Ammunition issued in combat was almost always AP, the reason being that it gave better penetration in cover material (dirt, sand bags, etc.) and light vehicles than ball. Ball was usually issued only for stateside training.
Ball ammunition, with a lead core, was never issued outside the continental United States. It was used for Statesdide training and guard duty.
While I'm sure that this was true for the people who lived through it, conversations with a Marine who fought in the Pacific from Guadalcanal onwards, and also in Korea, show it was not the case everywhere.
During his time on Guadalcanal, he said the only AP seen was belted, mixed with ball and tracer, and the guys with Springfields and even most of the BAR gunners got regular ball. Said there was some API, but all that went to the aircrews, like SBD rear gunners, etc. Later on in the war, BAR gunners usually got AP, and the "rest of us" got mostly ball, AP once in a while. In Korea, he said he never got ball, it was all AP, but he didn't know if that was a policy decision, or just that they were getting whatever was in the pipeline.

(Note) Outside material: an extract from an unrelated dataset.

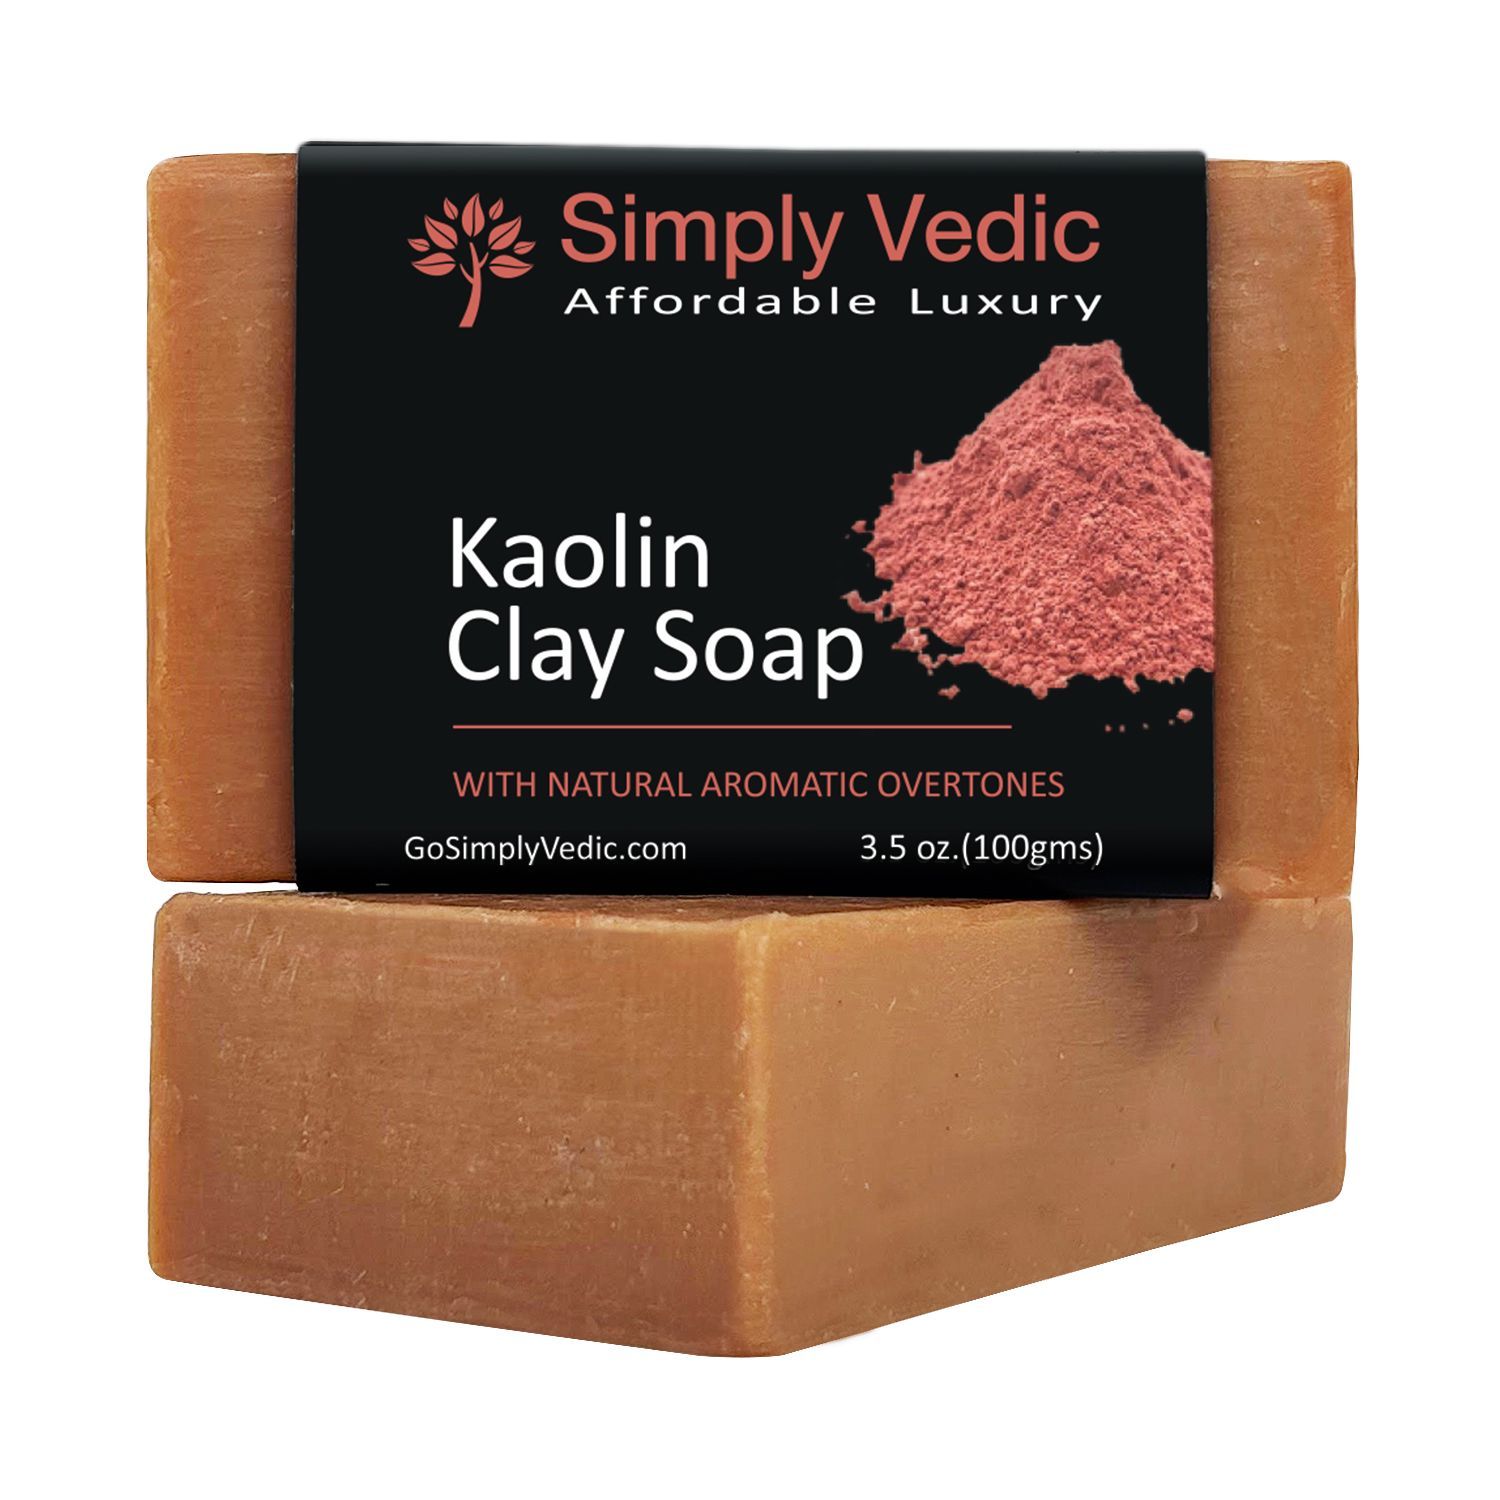 Simply Vedic Kaolin Clay Soap Bar For Body, Hand, Face. 100% Vegan Cold Pressed With Coconut Oil, Hand-Made.

He also said his "basic" load when he carried the Garand was 96 rnds, the cartridge belts he had were 12 pocket, 6 on a side. Also that spare clips in the pockets were very common.
Also, when going into combat, he would grab a bandolier, or two, and reload out of them until they were empty, keeping his belt load intact as long as he could. Because it was easy to lose a bandolier (diving in a hole to shelter from an incoming shell or bomb could separate your from your bandolier right quick, but the belt almost always stayed with you.
He also mentioned that it was a bit difficult to extract the clips from the bandolier, but they were highly motivated at the time, and it didn't pose any serious problem for them. Also why there were so few bandoliers that survived intact, they were almost always ripped by GIs getting the ammo out of them.
I think its best to assume that while some people saw nothing but AP in combat, and ball in trainging, or even vice versa, making sweeping statements about "that's all that was used" in every theater throughout the entire war isn't accurate.